New Love, New Love, New Love - JUNE 3 2013

New Love, New Love, New Love - JUNE 3 2013

JUNE 3 2013

I feel that I should tell the world that my blog is about to make a significant shift. The word love is such a big word. It encompasses so many things and can mean so many different ideas.

When I began writing for all the world to see, I felt that I needed to get my story out there. I wanted women like me to know they were not alone. They were not the only women to feel rejected or annoyed by a love that never got off the ground.

Today, my story is different. I feel that my entire adult life has been in search of a match. Someone who gets me without effort. Someone who forgives without pause. Someone who loves the way that it is supposed to be. New love is so liberating. It teaches you so much about what you forgot you deserved or wanted or needed.
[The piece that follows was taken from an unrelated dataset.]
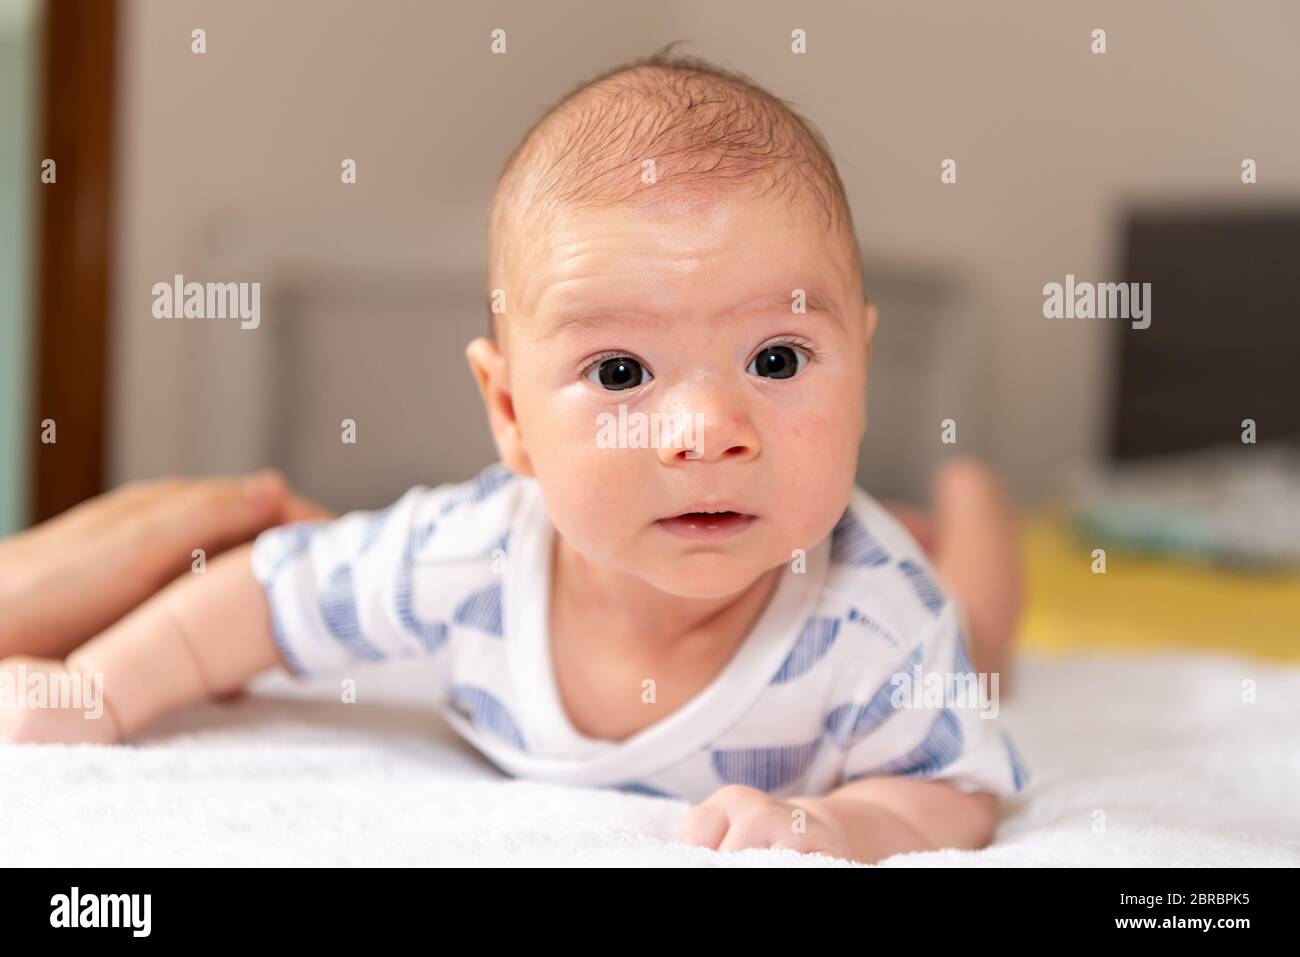 Adorable little baby boy during tummy time Stock Photo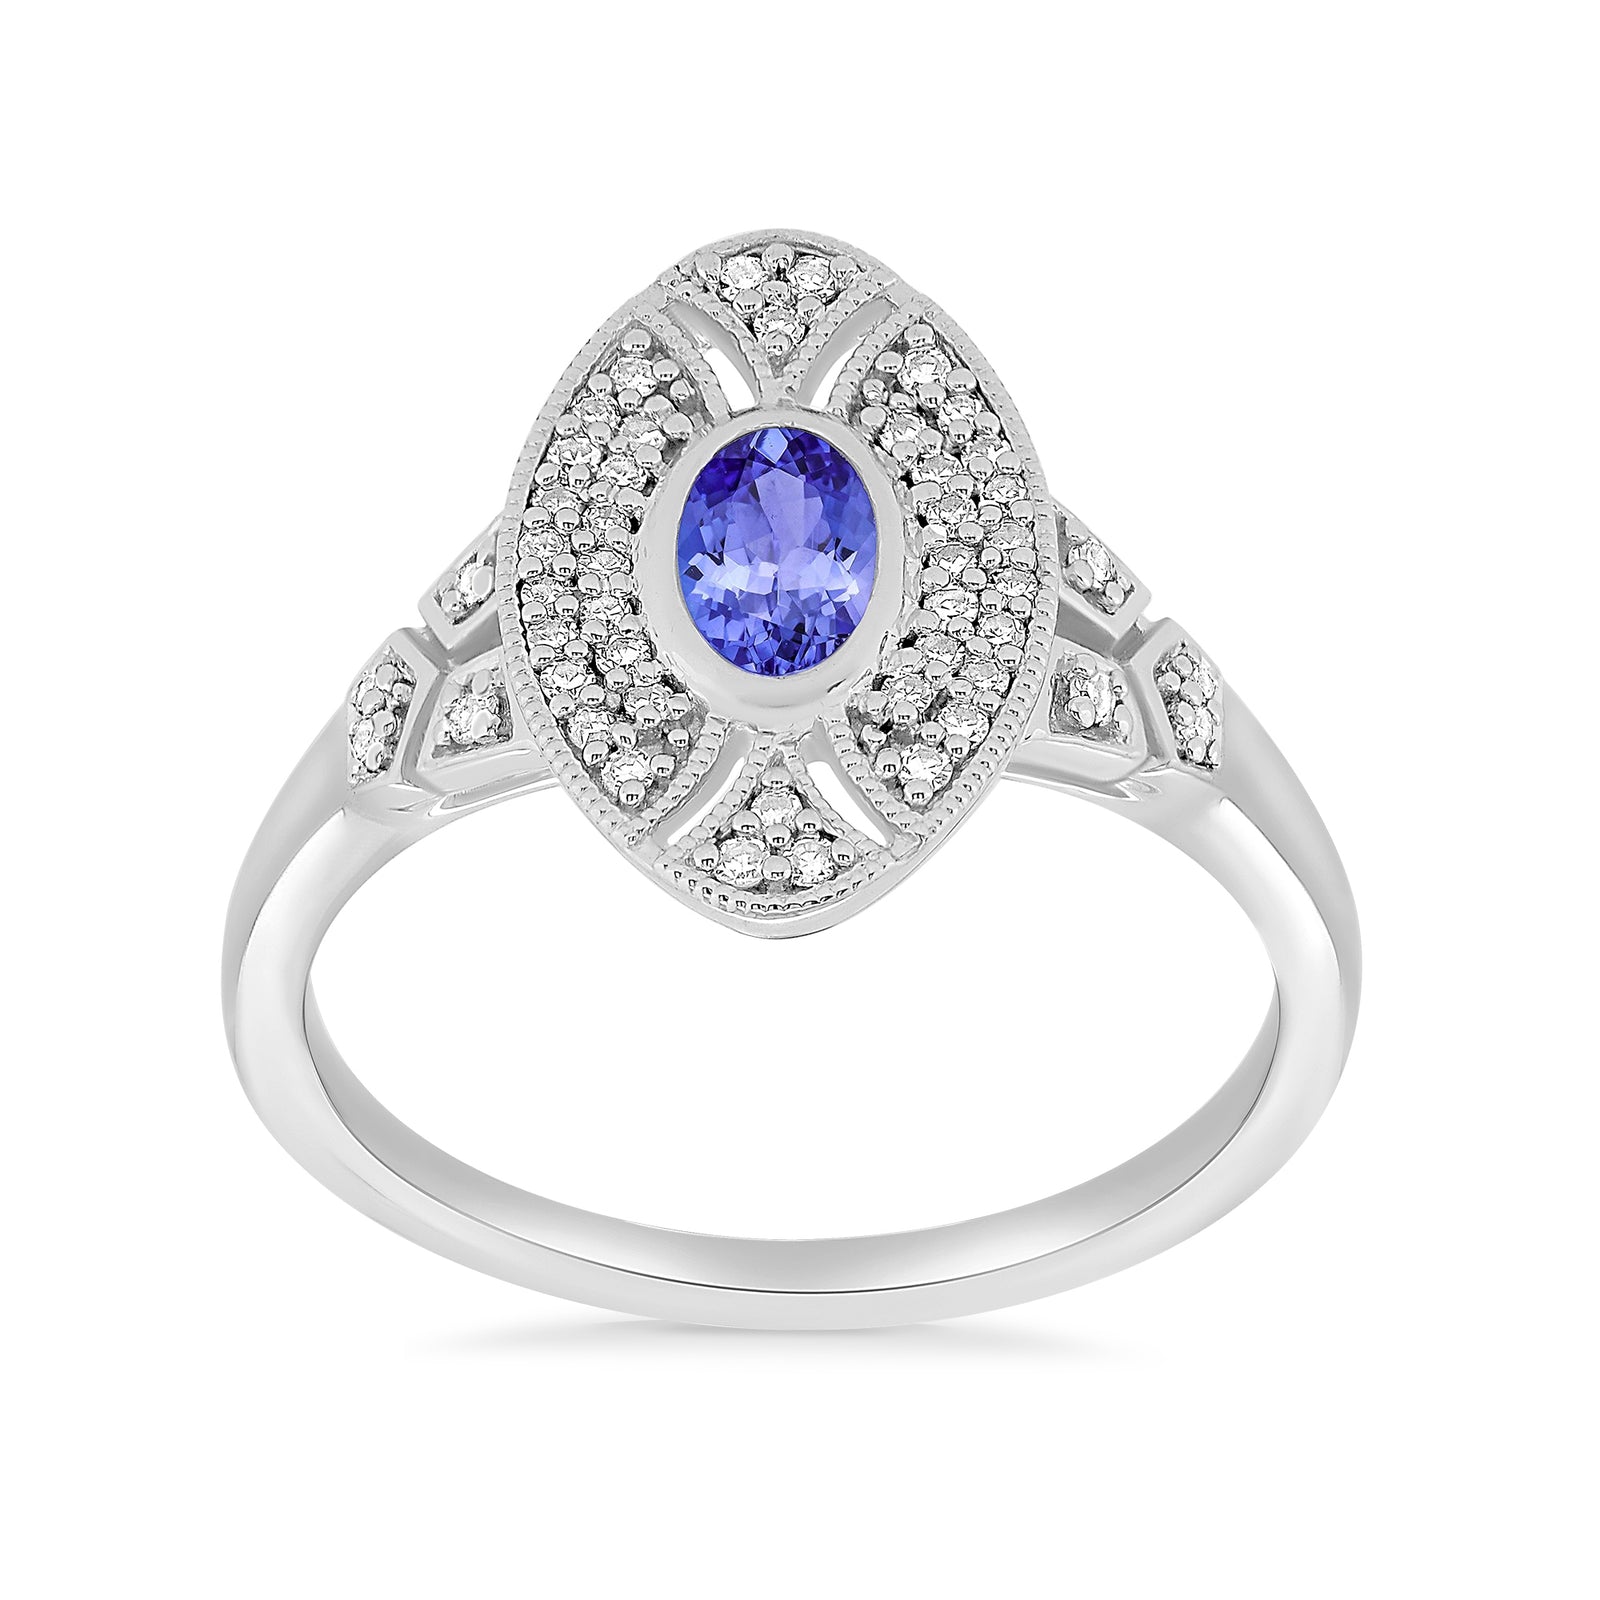 9ct white gold 6x4mm oval tanzanite & antique style diamond cluster ring 0.18ct

I was consumed with Willow for so long, and I believe I learned so much from him. Who he was has been part of why I am who I am today. But he was only a chapter in my life, when for so long I thought he was the entire book.

My writings now and ahead will no longer be about my bitter mishaps of who I never could have, but you will begin to learn of the man who is changing my life one day at a time. The quest that so many people search for—I am in the middle of.

I find it painfully and humorously ironic that I had to take my journey all the way from Salt Lake City to New York to Nashville just to find a man from Salt Lake City. What a roundabout way to get to the point. Nice one, God.

You know when you write in your journal or lie awake at night and think of all the things you wished you could find all wrapped up in one person? Well, that person is real. Seriously, I wake up and think, OH MY GOSH. It is like he knew I was coming and here we are.

I could go on, but I won’t at this time. But you should all know those kinds of people exist. The ones who love you without hesitation. The ones who laugh at you when they should and say what needs to be said.

We are built to want to be with another. To feel the connection and bond with someone who will stay forever, who will not judge, who is kind and happy, who is sensitive but tough, and who we can trust.

When you are looking, do not settle. When you feel like giving up, take a deep breath and hold on a little longer. When you need to cry, just cry—but get a hug when you’re done. I am living proof: surprises come when you forget about the problem. I have boarded the flight, y’all, and I am not sure if it will ever come down… (it’s bitter sweet to read these blogs again from 2013. Now in 2025 everything has changed. With 2 kids and being a single mom, my world is nothing like it was but I really do love being reminded of how easy and sweet my relationship used to be with my children’s dad. I don’t regret anything.)